Priority of satisfaction of the claim

When liquidating, claims of creditors are satisfied in a certain order. The order is formed in accordance with Article 134 of the Law "On Bankruptcy". According to him, there are four lines.

  • First of all, the payment is expected by individuals in respect of which there is responsibility for causing harm to health or life. This includes costs for moral damage, compensation for harmful acts and so on. So, for example, this group includes the injured party in an accident, where the culprit was recognized by the organization that formalizes the liquidation procedure or goes into bankruptcy.
  • In the second turn, benefits will be paid, labor payment on labor and civil-law contracts, remuneration for author's contracts. In the process of liquidation contracts can be terminated, or workers will be reduced. Therefore, at this stage, all compensation and benefits must be paid in full.
  • The third stage is repaid on budgetary and extrabudgetary stock debts, obligations secured by collateral are met within the limits of the funds received from the sale of property.
  • By the fourth turn, the remaining creditors are equated.

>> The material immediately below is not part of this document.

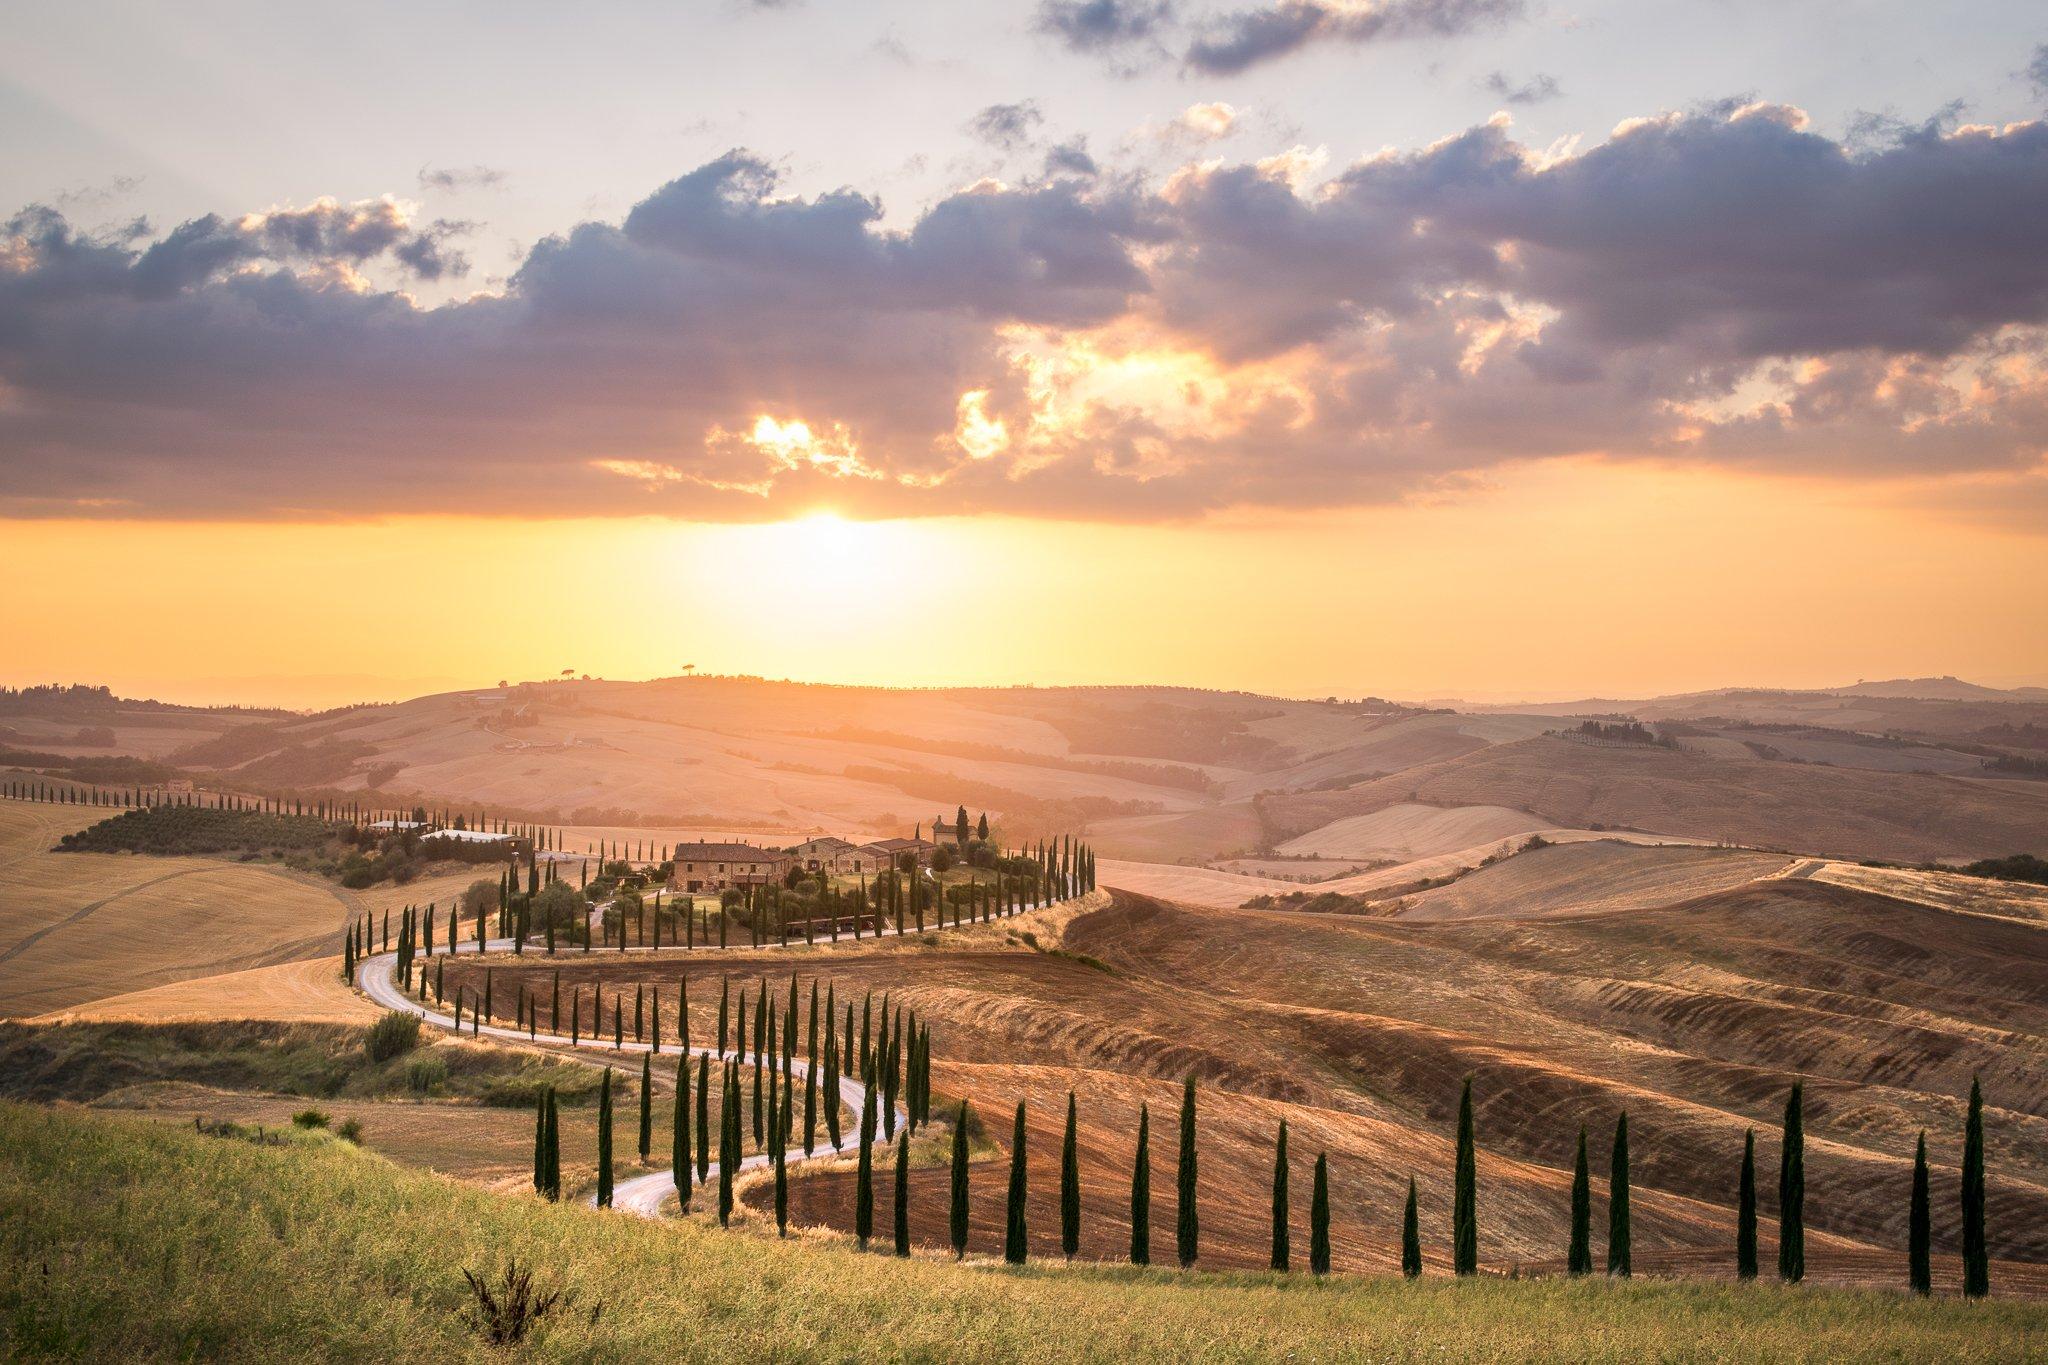 #sunset #tuscany #wine #summer #travel #journey, Mая Врънгова
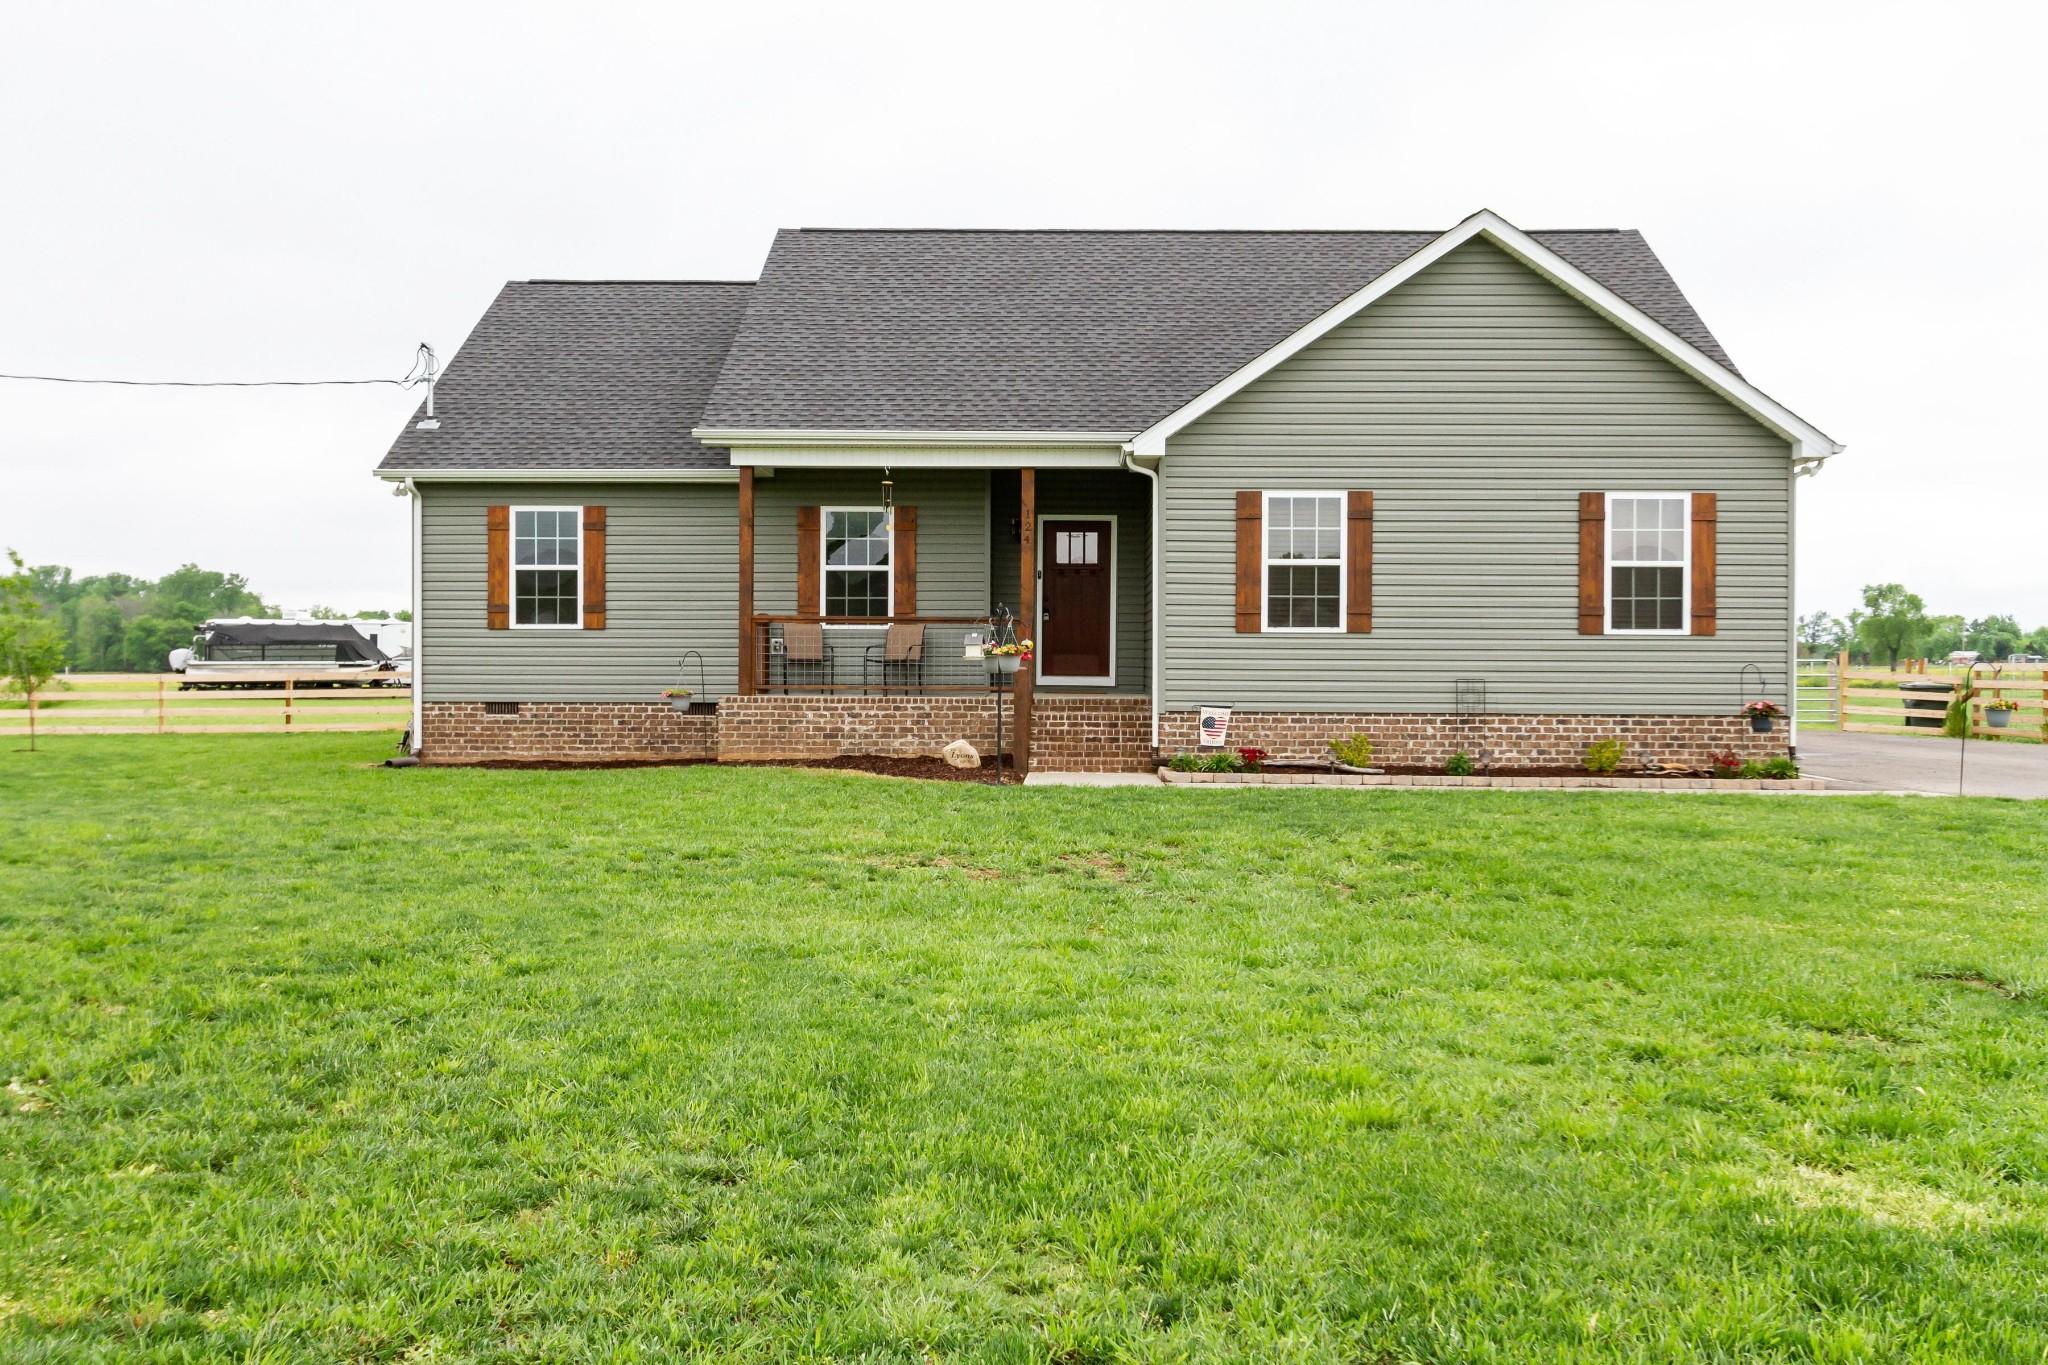 124 Hazelnut Ln Property Photo - Unionville, TN real estate listing

Art. 64 Civil Code of the Russian Federation

According to this article, creditors' claims are executed in turn. It turns out that payments of the second stage can be made only after the funds are paid to the creditors that go first. True, there are exceptions. For example (according to Article 64 of the Civil Code of the Russian Federation), these are those organizations that belong to the third stage and provided funds against property collateral. If the company does not have enough money for a full payment, in this case the debt can be repaid by the property in the order of the fourth order.

The main right to property collateral is creditors of the first and second turn, because their right appeared before the conclusion of the contract. If neither money nor mortgaged property is enough to pay the debt, the remaining debt is distributed to all organizations that have somehow lent money. This rule is applied in the event that others were not found.

Let's consider the creditor's claim for liquidation. A sample document is presented below.

Actions of the creditor in bankruptcy

If during the liquidation process it is discovered that the company is unable to pay debts to all creditors, it is considered that the enterprise is bankrupt. The liquidator must file an application. But often he avoids this duty. Therefore, it is worth keeping in mind the cases when a creditor can file an application for bankruptcy in court. Such grounds are:

  • Information on the insolvency of the debtor;
  • Non-enforcement of compulsory execution within three months, if it turns out that the debtor does not have the property necessary to satisfy the claimed requirements.

Together with the application the creditor is obliged to attach a number of documents that would confirm the insolvency of the debtor. For example, the act of the bailiff that it is not possible to collect the funds is impossible, the documents returned from the bank unpaid, certificates that the money resources on the debtor's account are absent, the lender's correspondence about the need to fulfill obligations under the contract and other papers.

Conclusion

Thus, liquidation takes place and creditors' claims are satisfied. It is noteworthy that before eliminating LLC, JSC and other forms, it is worthwhile to explore other alternative ways. Perhaps they will be "bloodless" and help get out of business in a way that both the founders and creditors will be much more profitable.